Problem: All of the data should be copied exactly, with the pictures left out.

Given material:
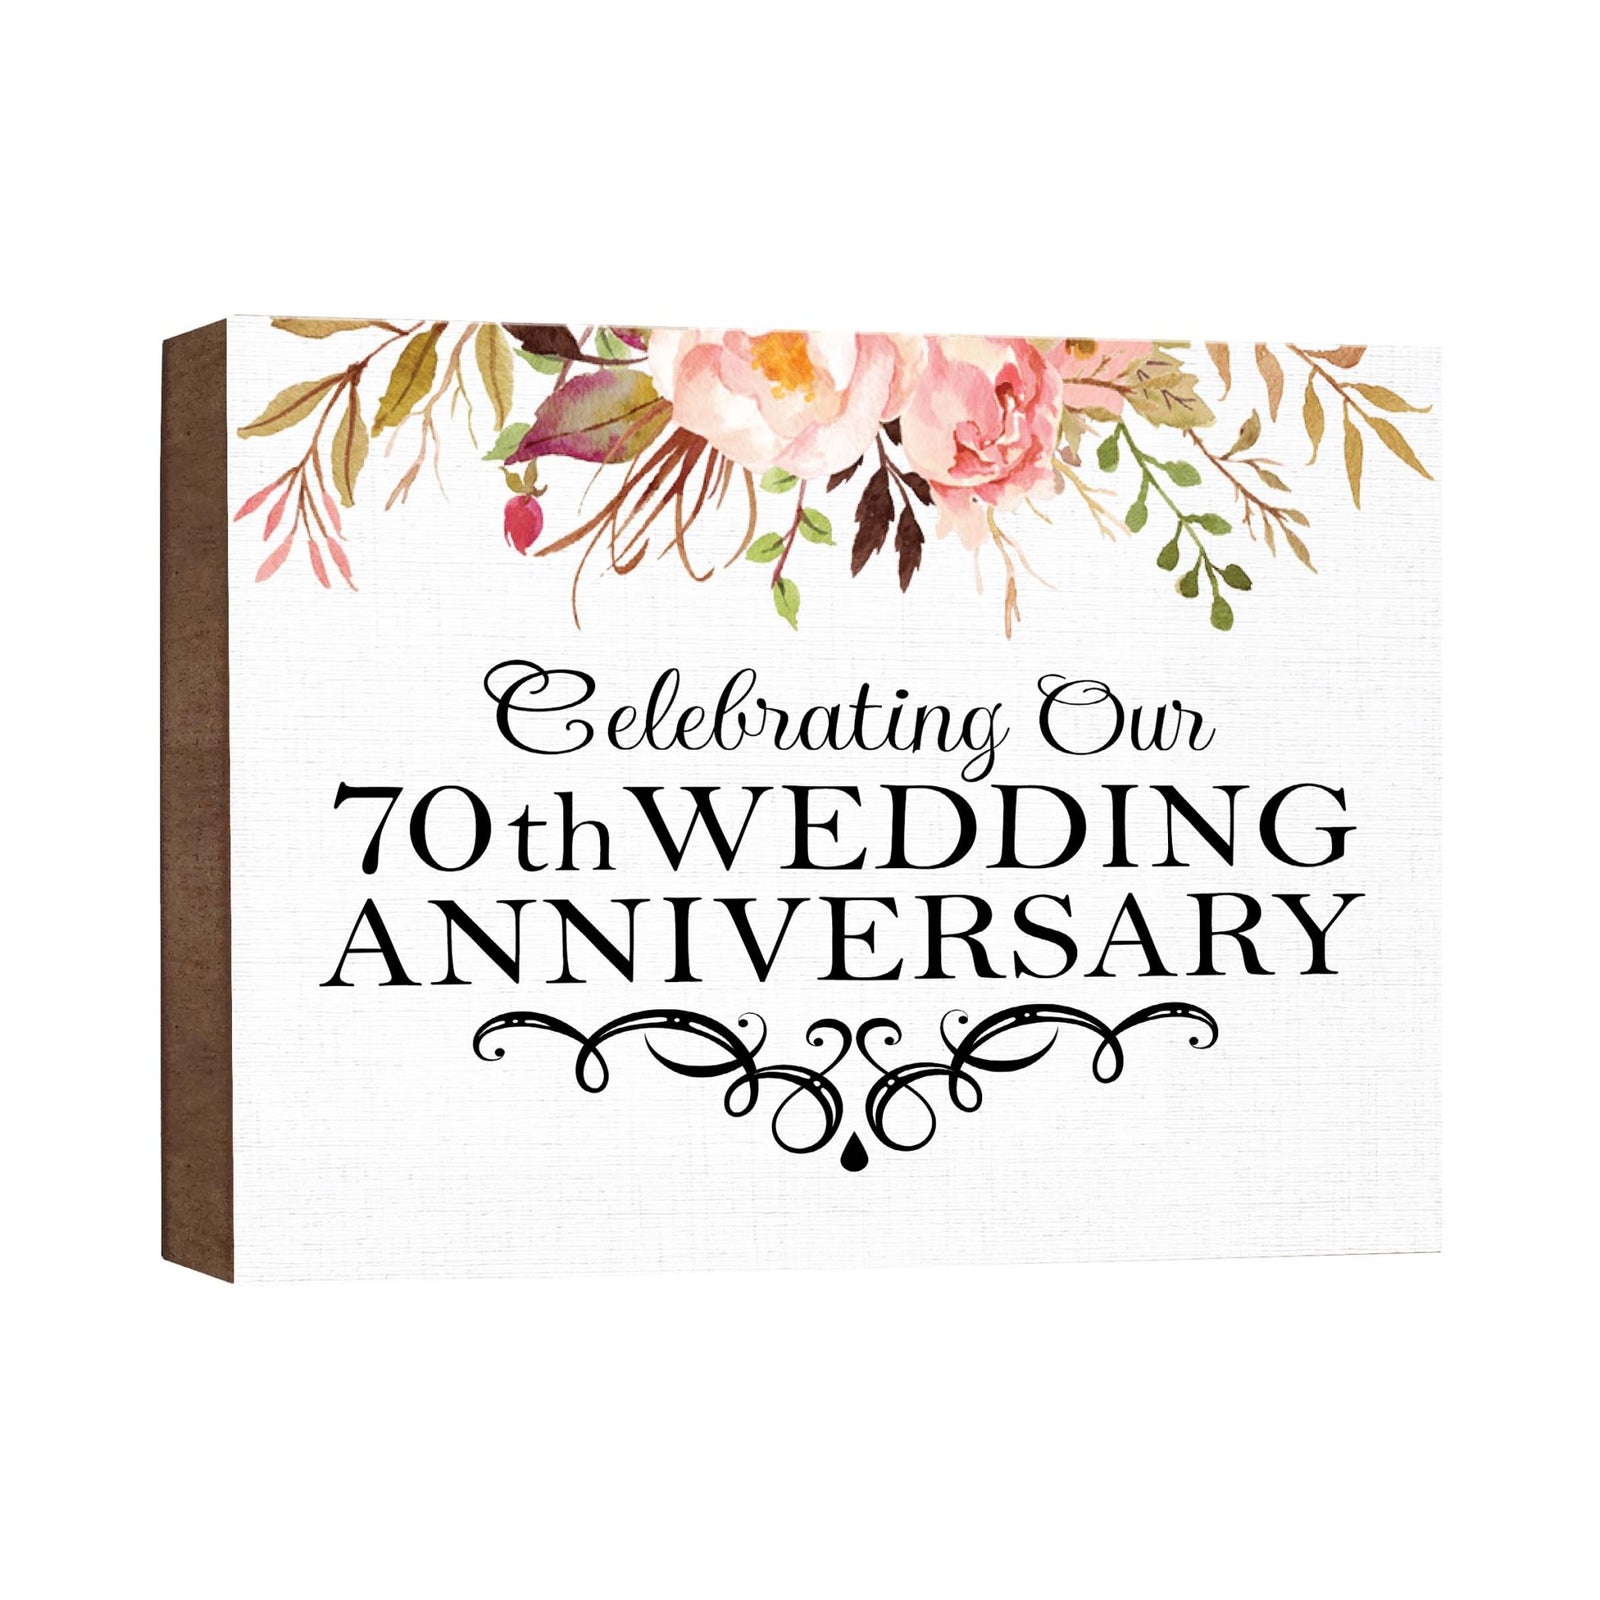 70th Wedding Anniversary Wall Plaque - Celebrating - LifeSong Milestones
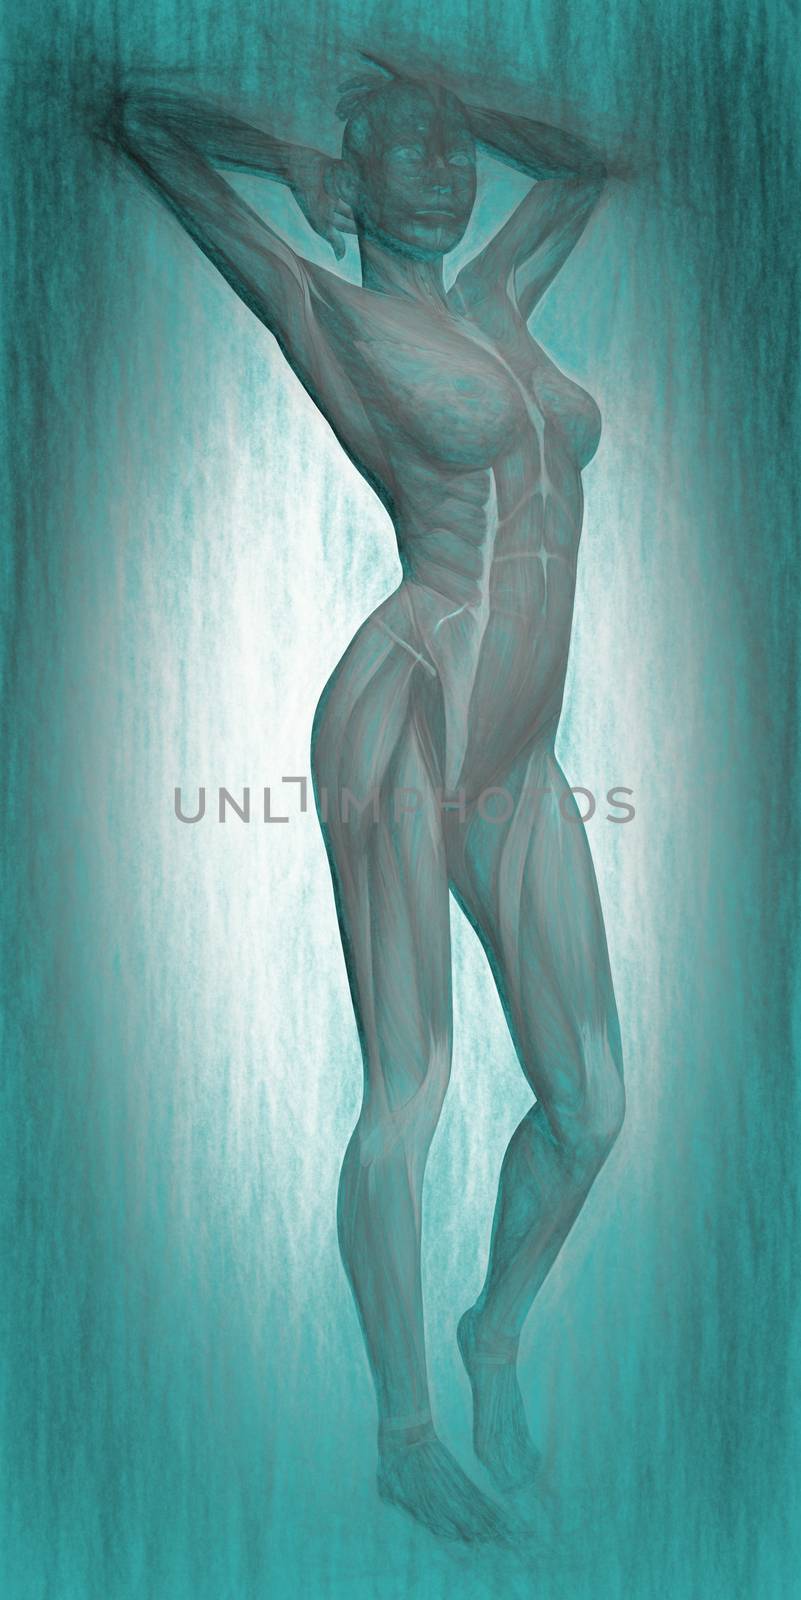 3d illustration of human body anatomy
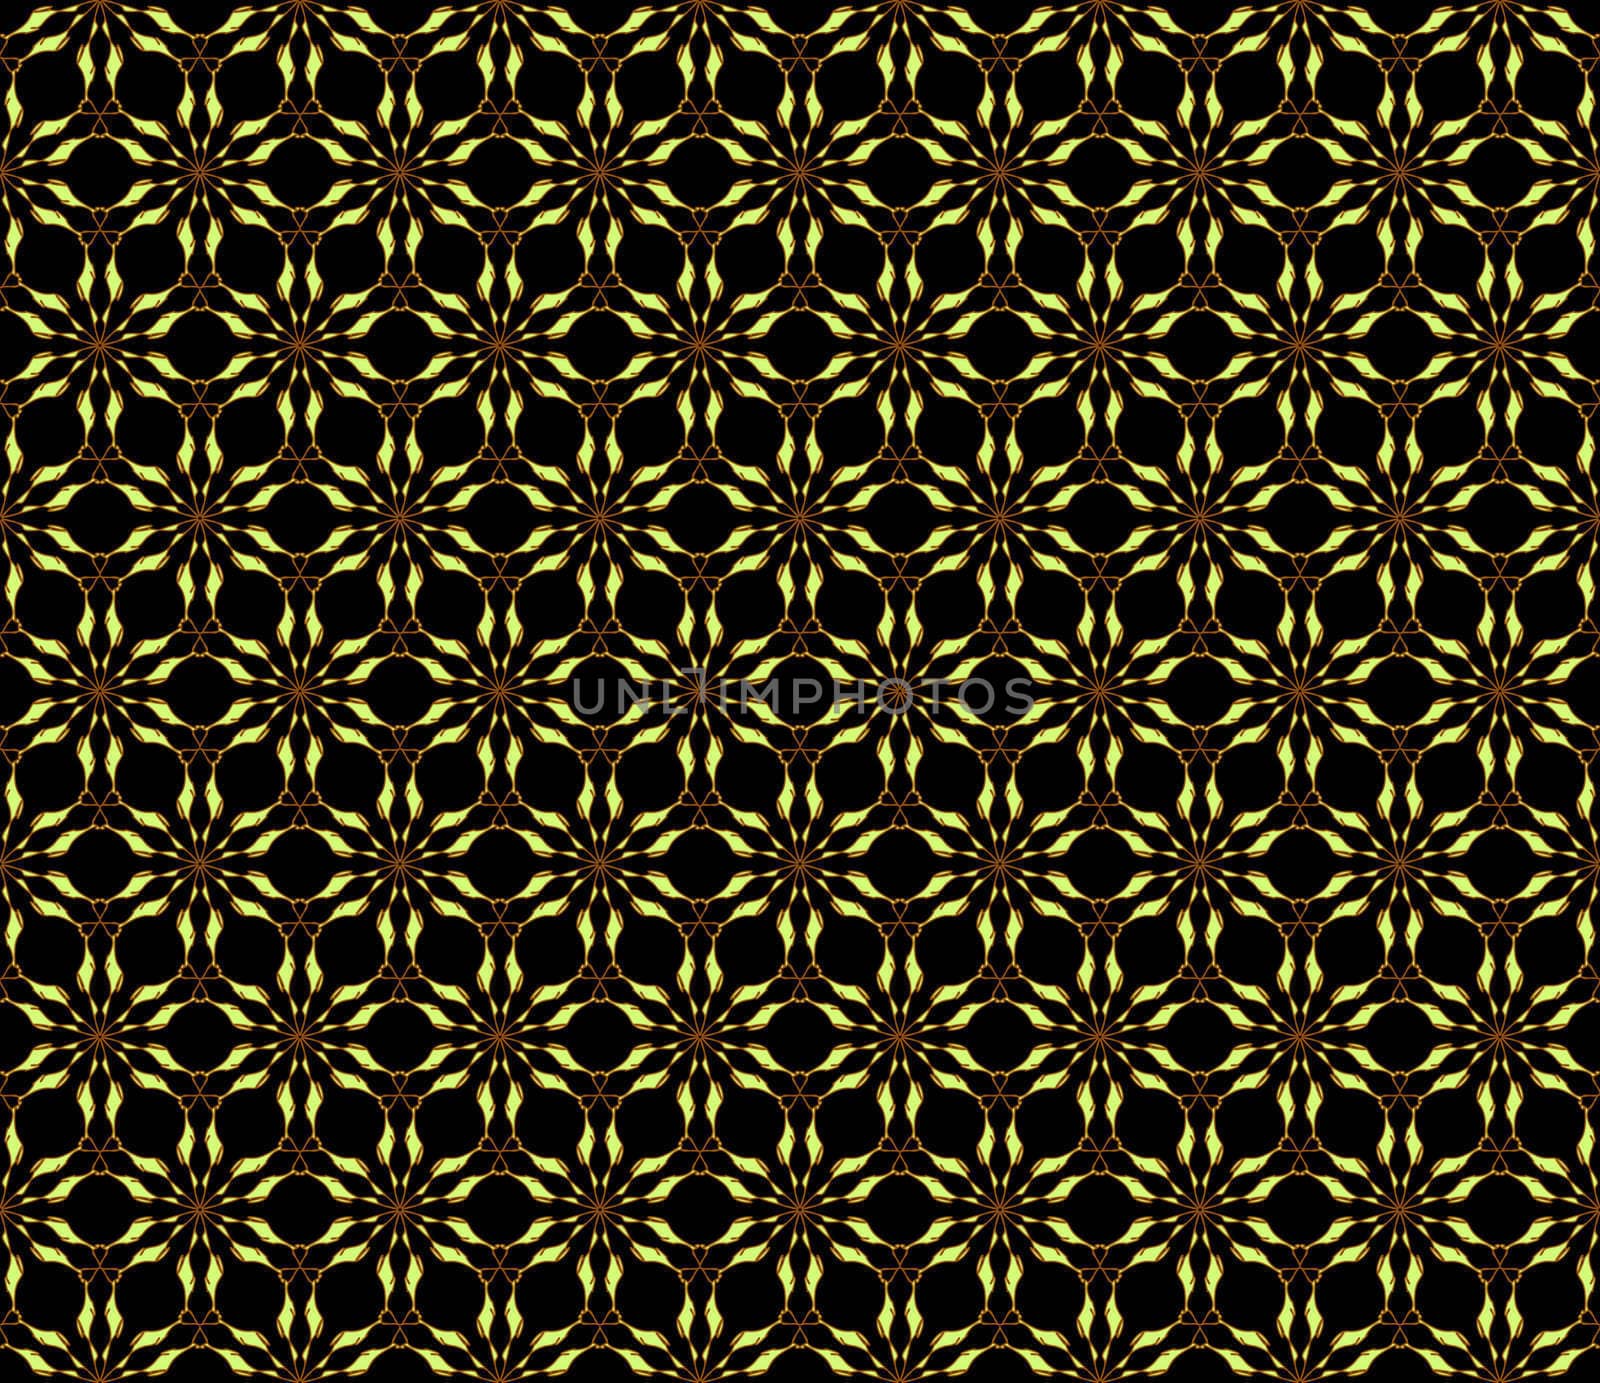 Wallpaper pattern on the dark background
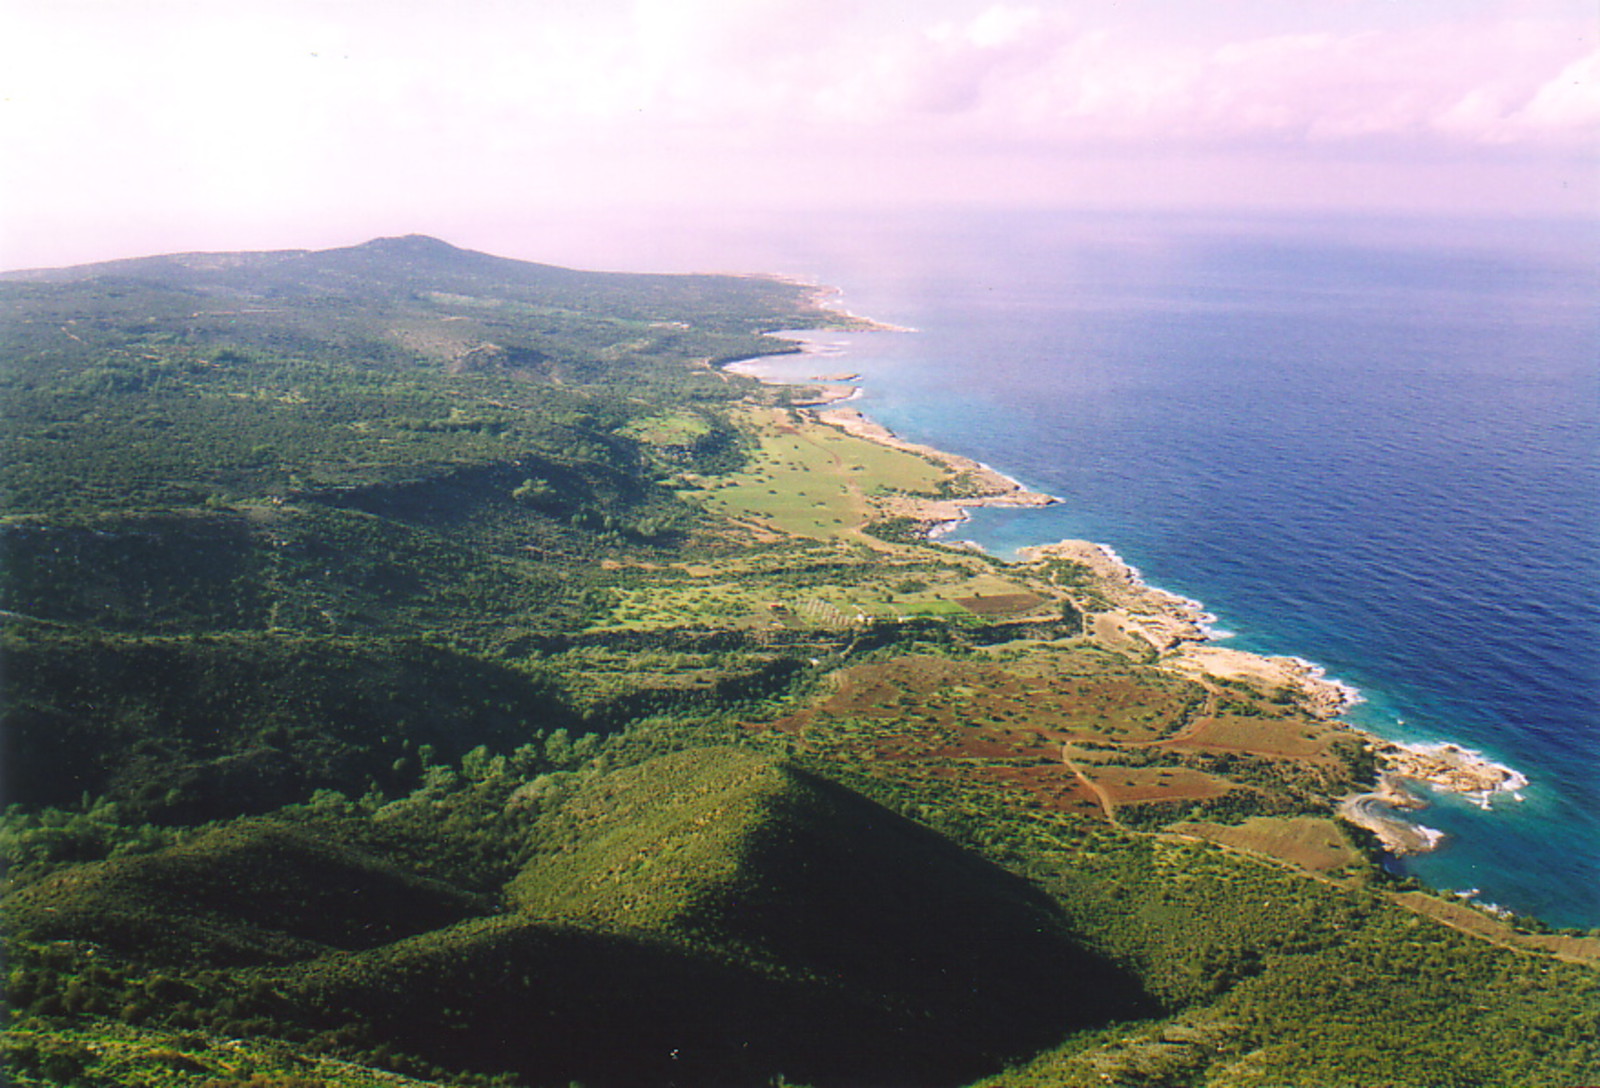 The Akamas Peninsula

Expected output:
 70th Wedding Anniversary Wall Plaque - Celebrating - LifeSong Milestones
 3d illustration of human body anatomy
 Wallpaper pattern on the dark background
 The Akamas Peninsula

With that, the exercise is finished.